▶ [Your instructions] Although the records contain pictures, only their text should be reproduced, exactly as written.

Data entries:
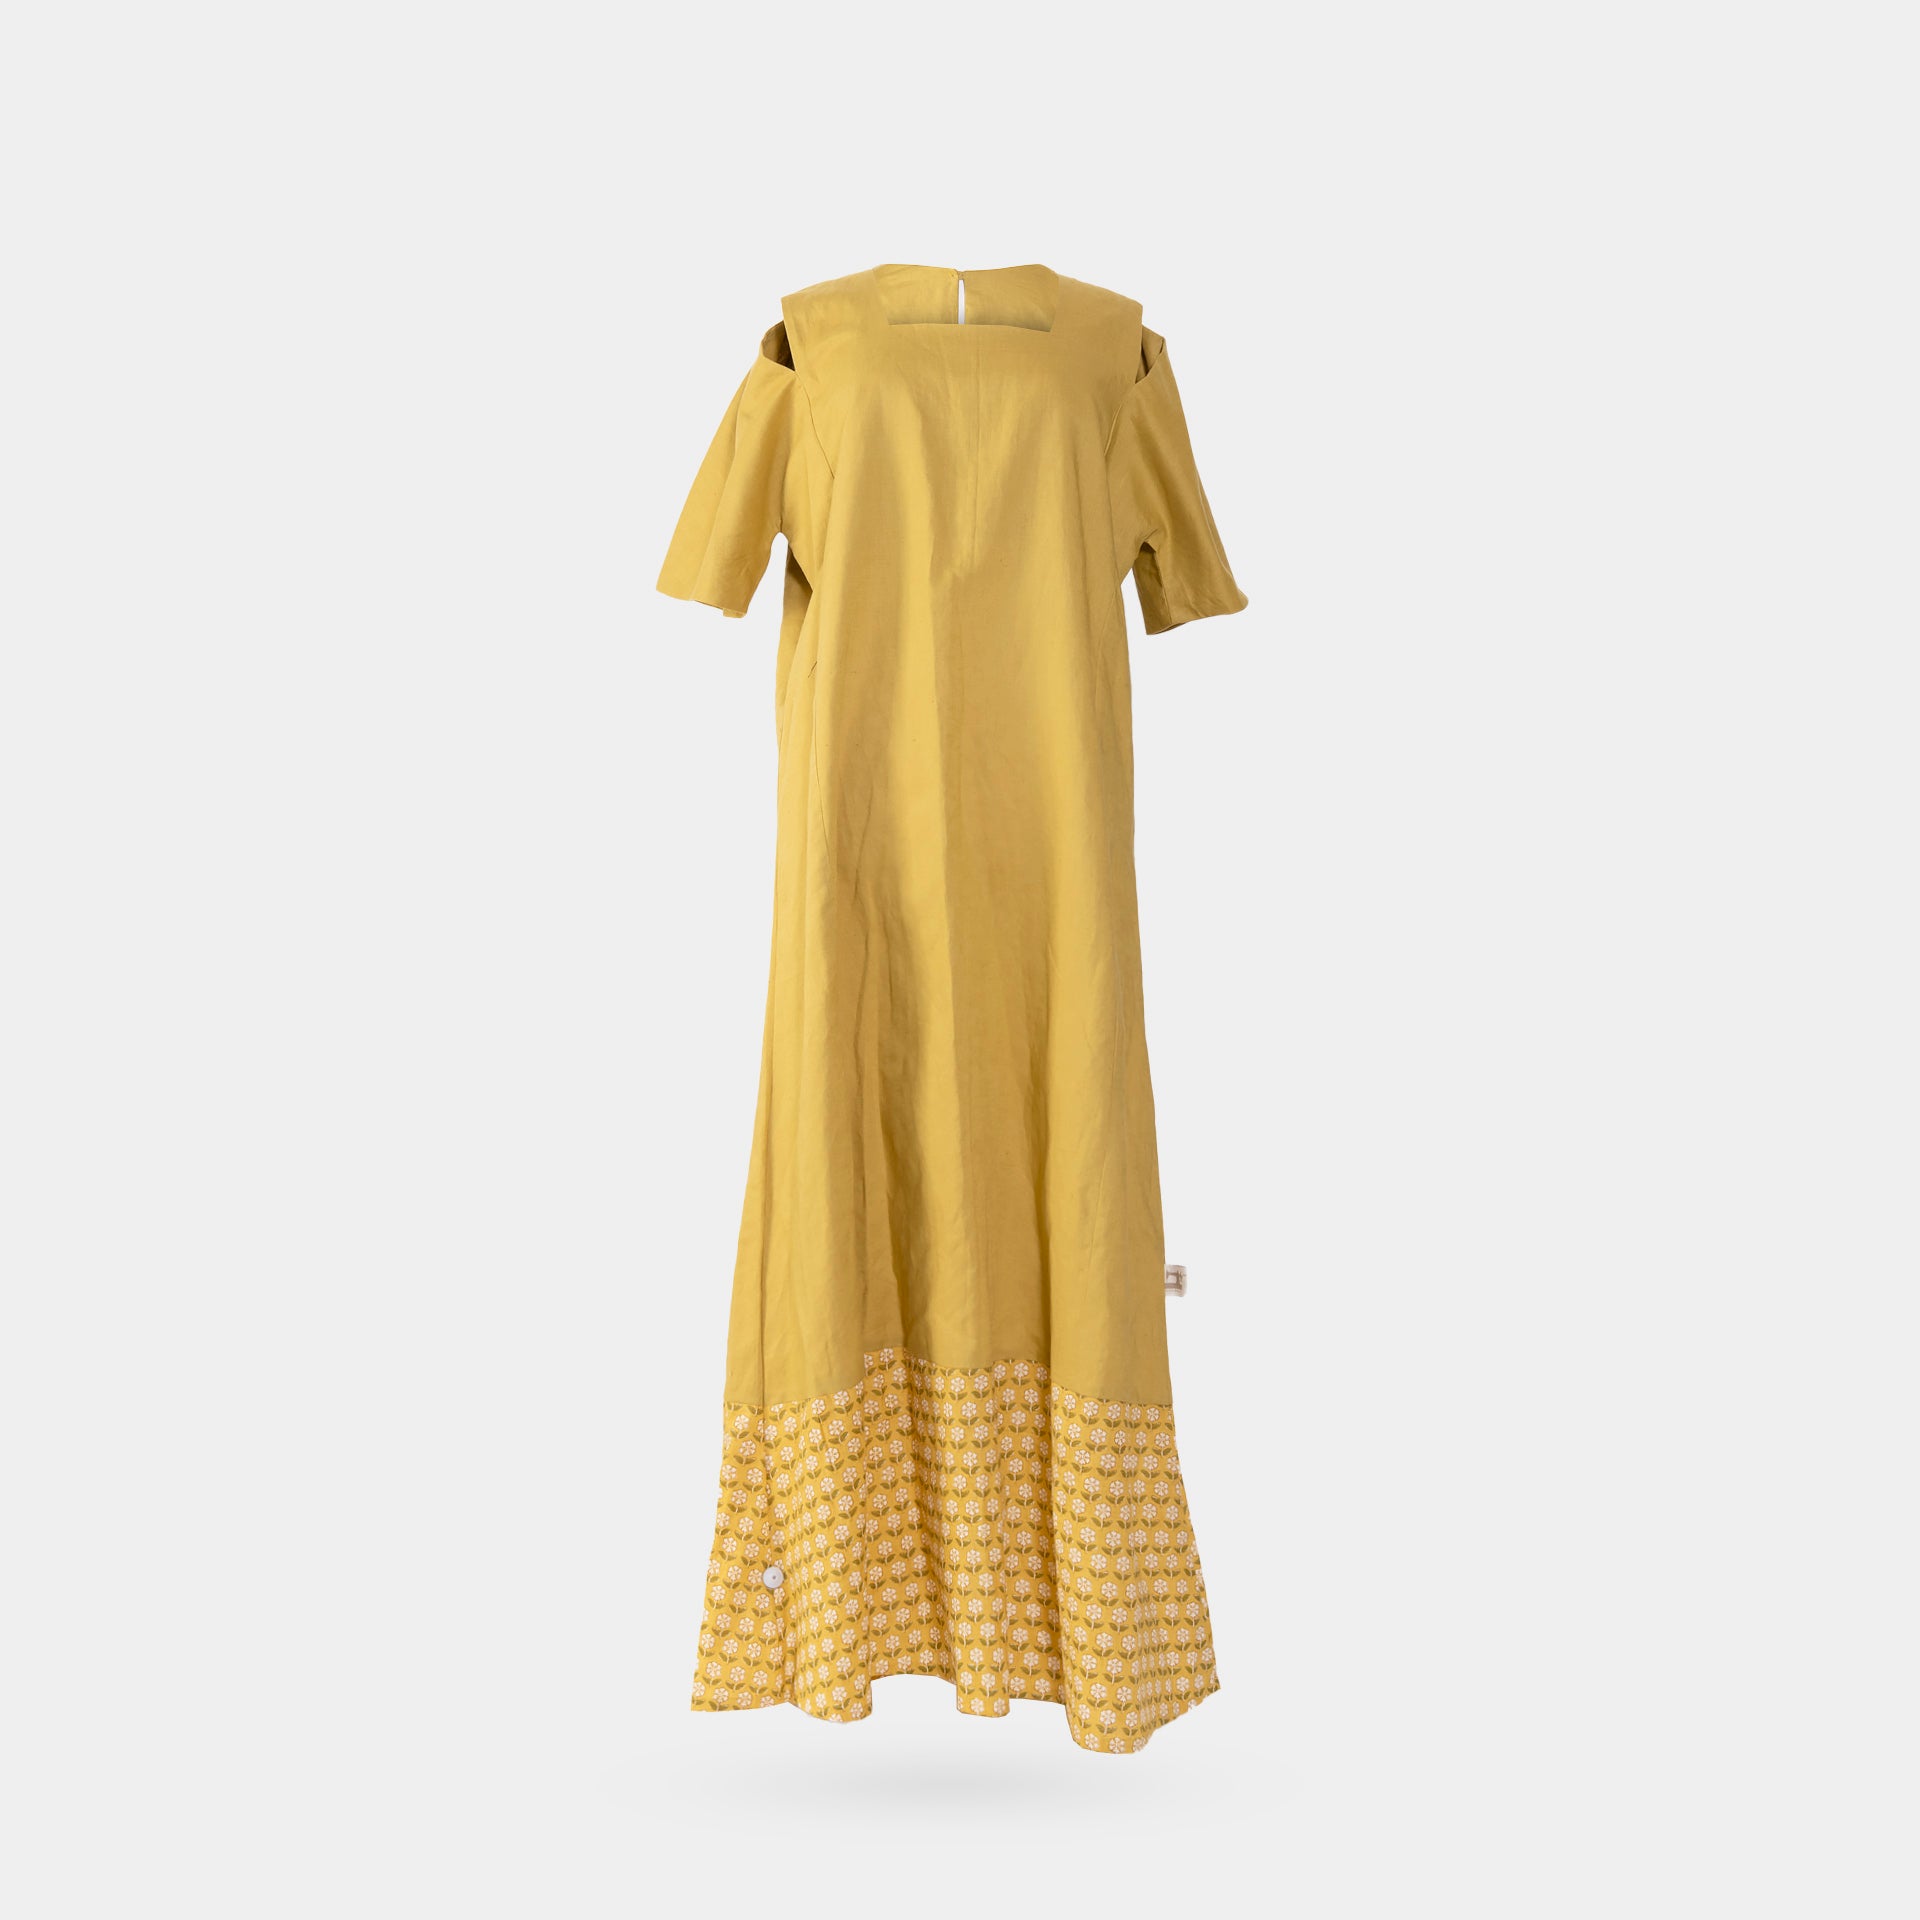 Mustard Linen Short Sleeve Dress From Darzah
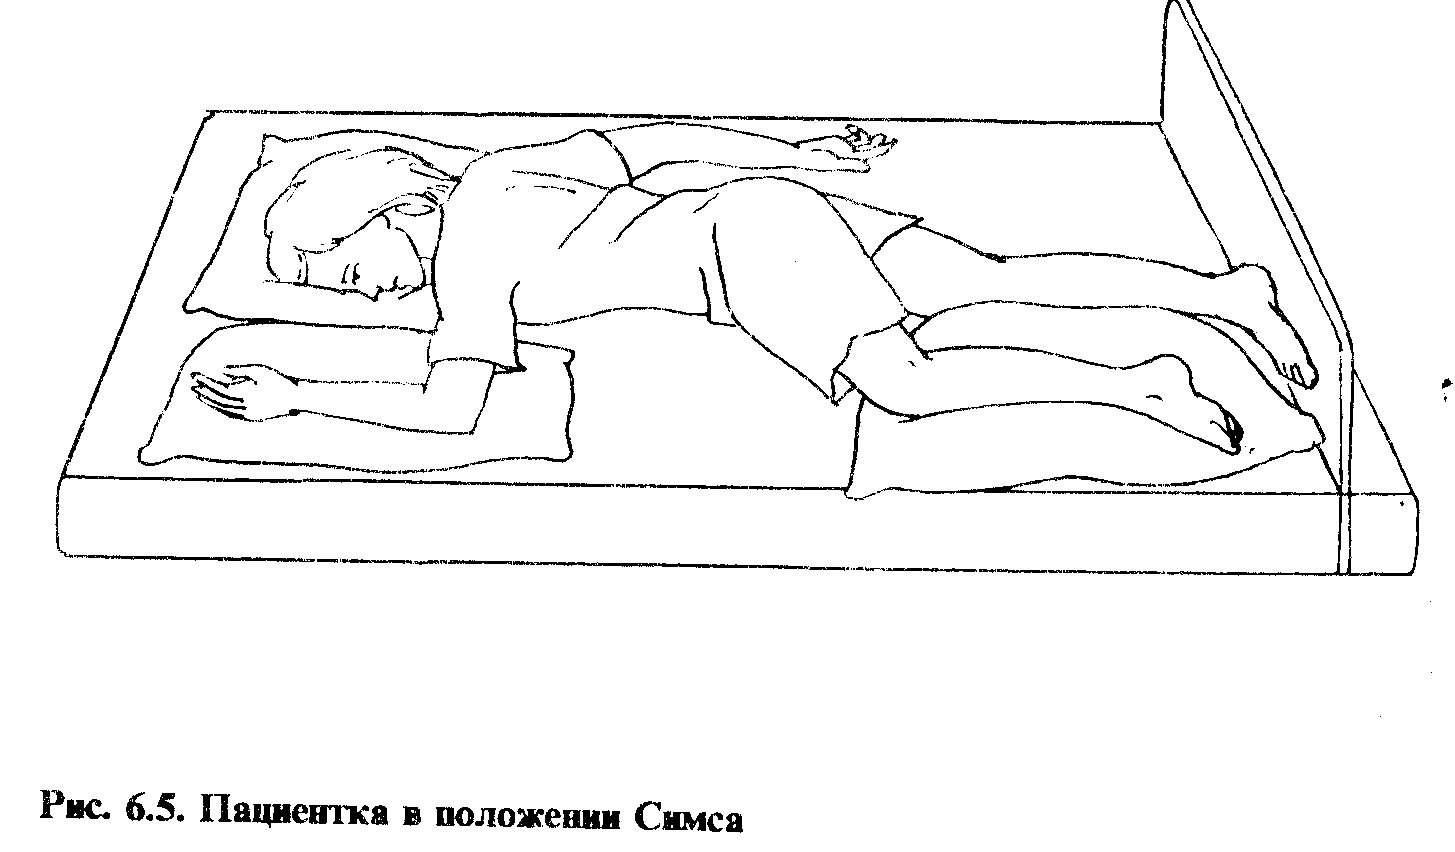 основные виды положения больного в кровати
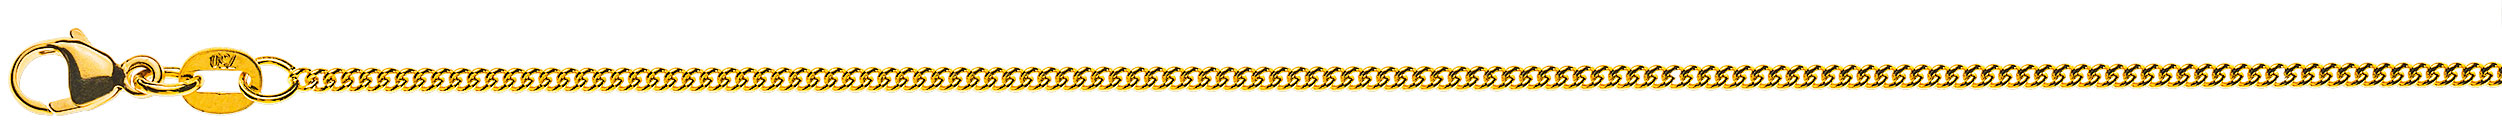 AURONOS Prestige Collier en or jaune 18K chaîne blindée ronde 38cm 1.6mm
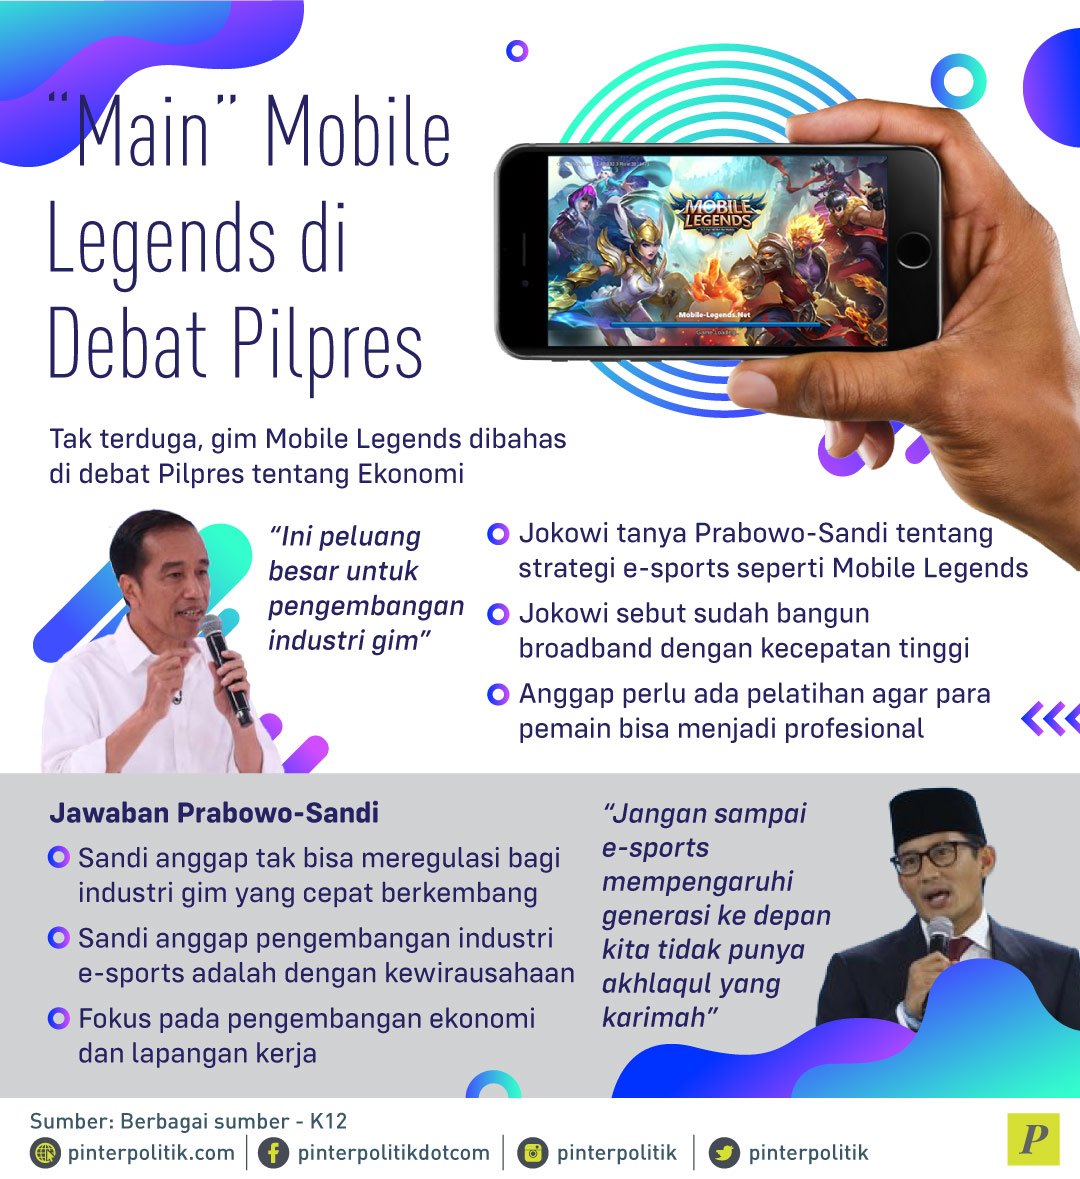 main mobile legends di debat Pilpres 2019
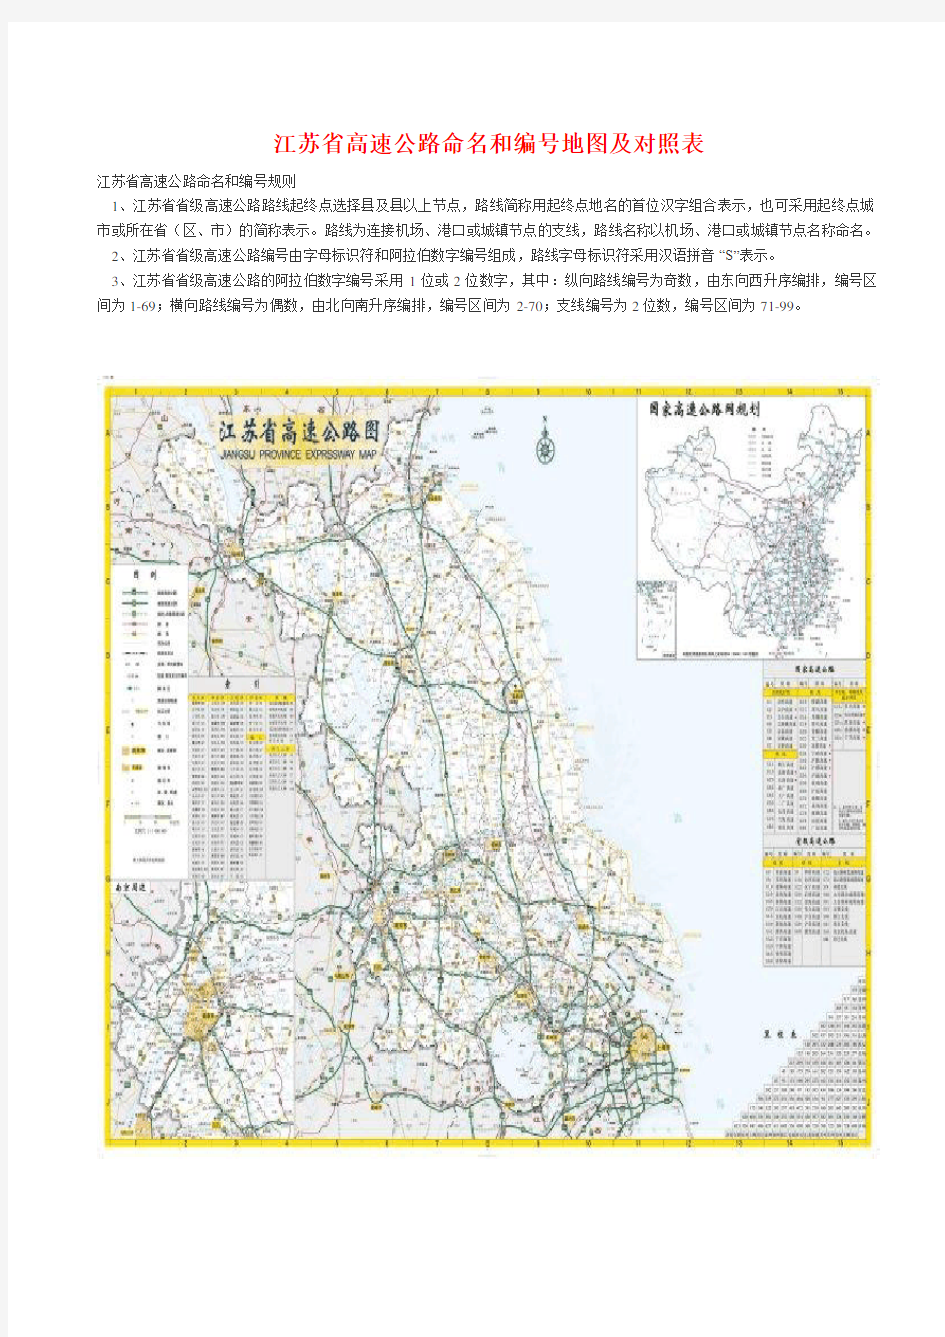 江苏省高速公路命名和编号地图及对照表

▶ [Response area]
 Mustard Linen Short Sleeve Dress From Darzah
 основные виды положения больного в кровати
 AURONOS Prestige Collier en or jaune 18K chaîne blindée ronde 38cm 1.6mm
 main mobile legends di debat Pilpres 2019
 江苏省高速公路命名和编号地图及对照表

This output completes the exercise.